■ **Data shown**:
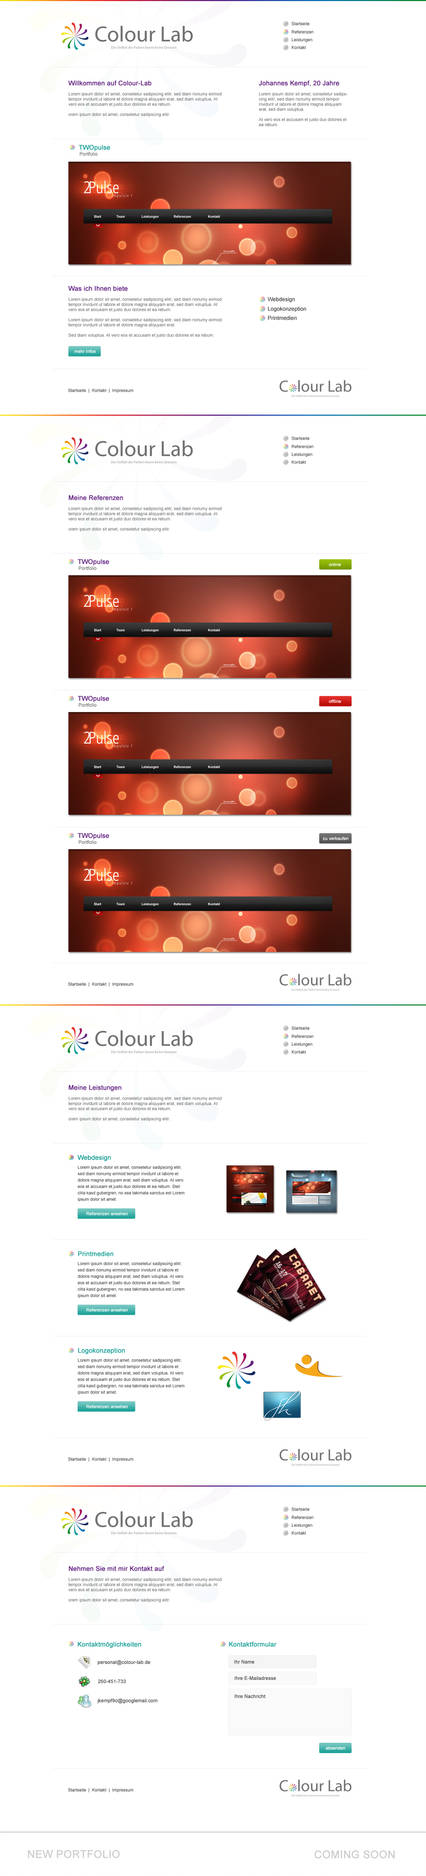 Colour Lab Version 2.0 by jk9o
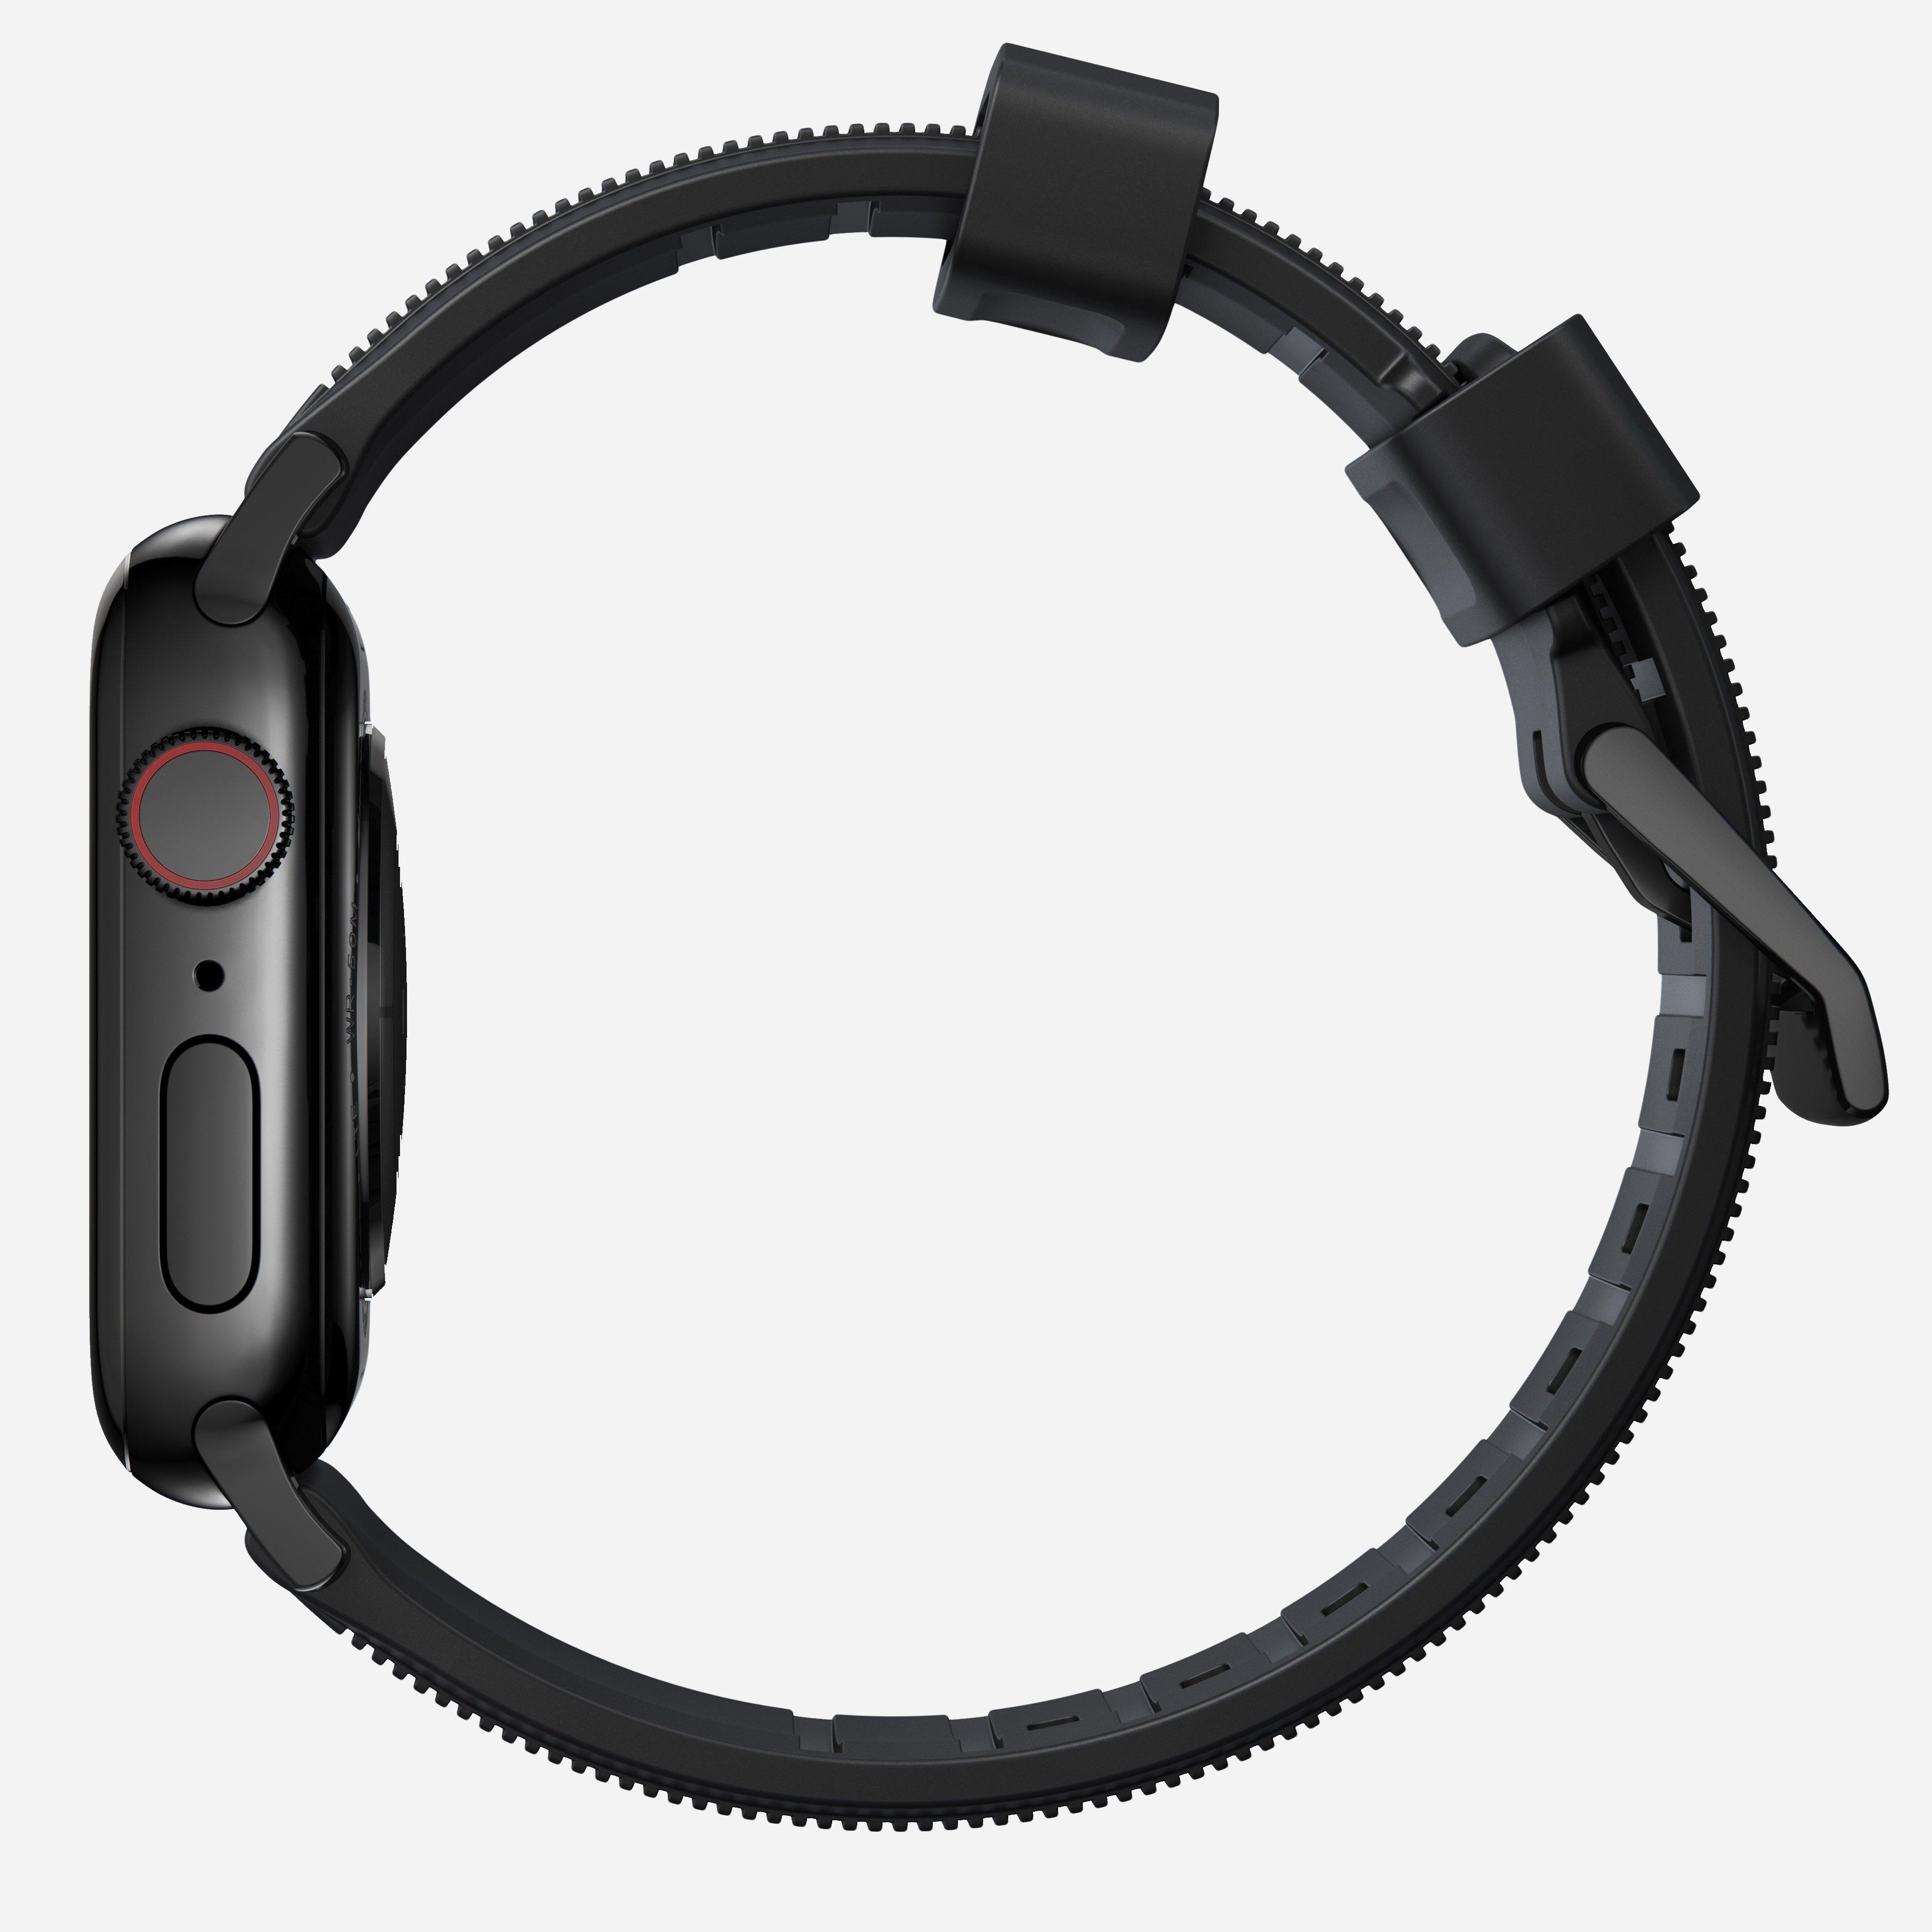 Rugged strap black hardware
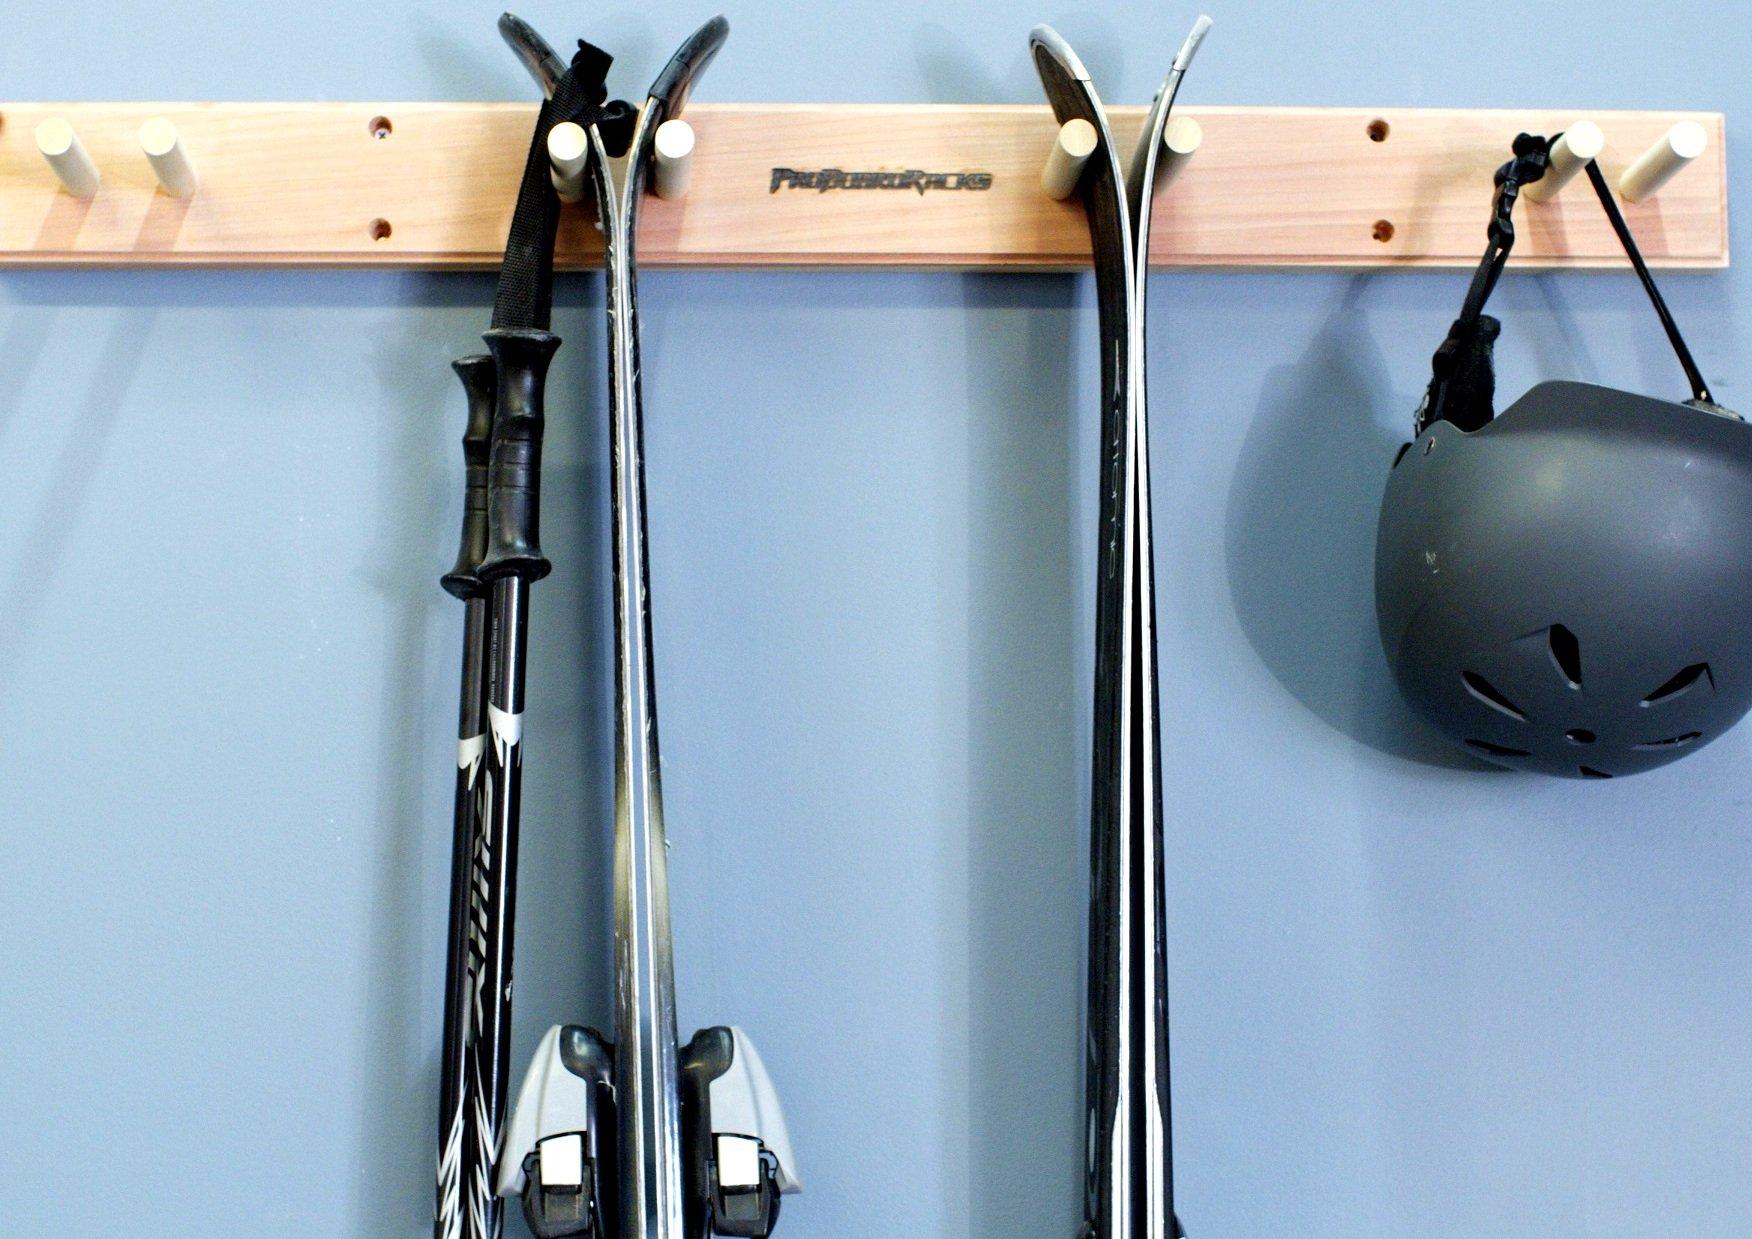 Pro Board Racks Ski Wall Rack Mount - 4 Vertical Sets of Skis
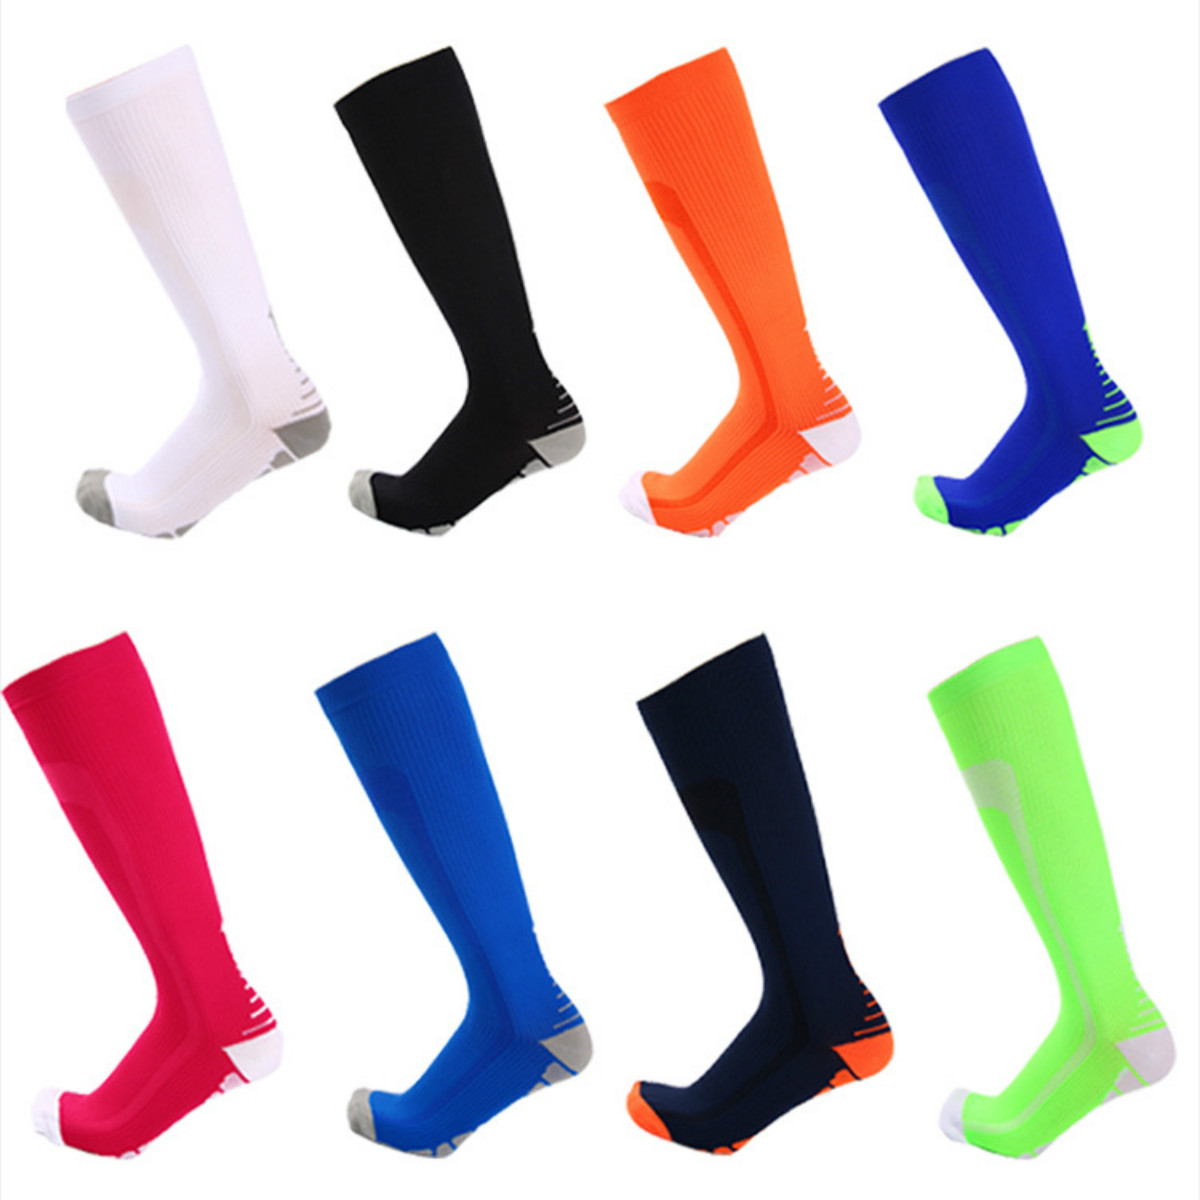 Straightforward Compression Socks Unisex Anti-fatigue Compression Socks Foot Pain Relief Soft Magic Socks Men Women Leg Support Dropshipping Hot Men's Socks

■ **Required work**: Drop the images, then copy the data exactly.

■ **Solution to this exercise**:
 Colour Lab Version 2.0 by jk9o
 Rugged strap black hardware
 Pro Board Racks Ski Wall Rack Mount - 4 Vertical Sets of Skis
 Straightforward Compression Socks Unisex Anti-fatigue Compression Socks Foot Pain Relief Soft Magic Socks Men Women Leg Support Dropshipping Hot Men's Socks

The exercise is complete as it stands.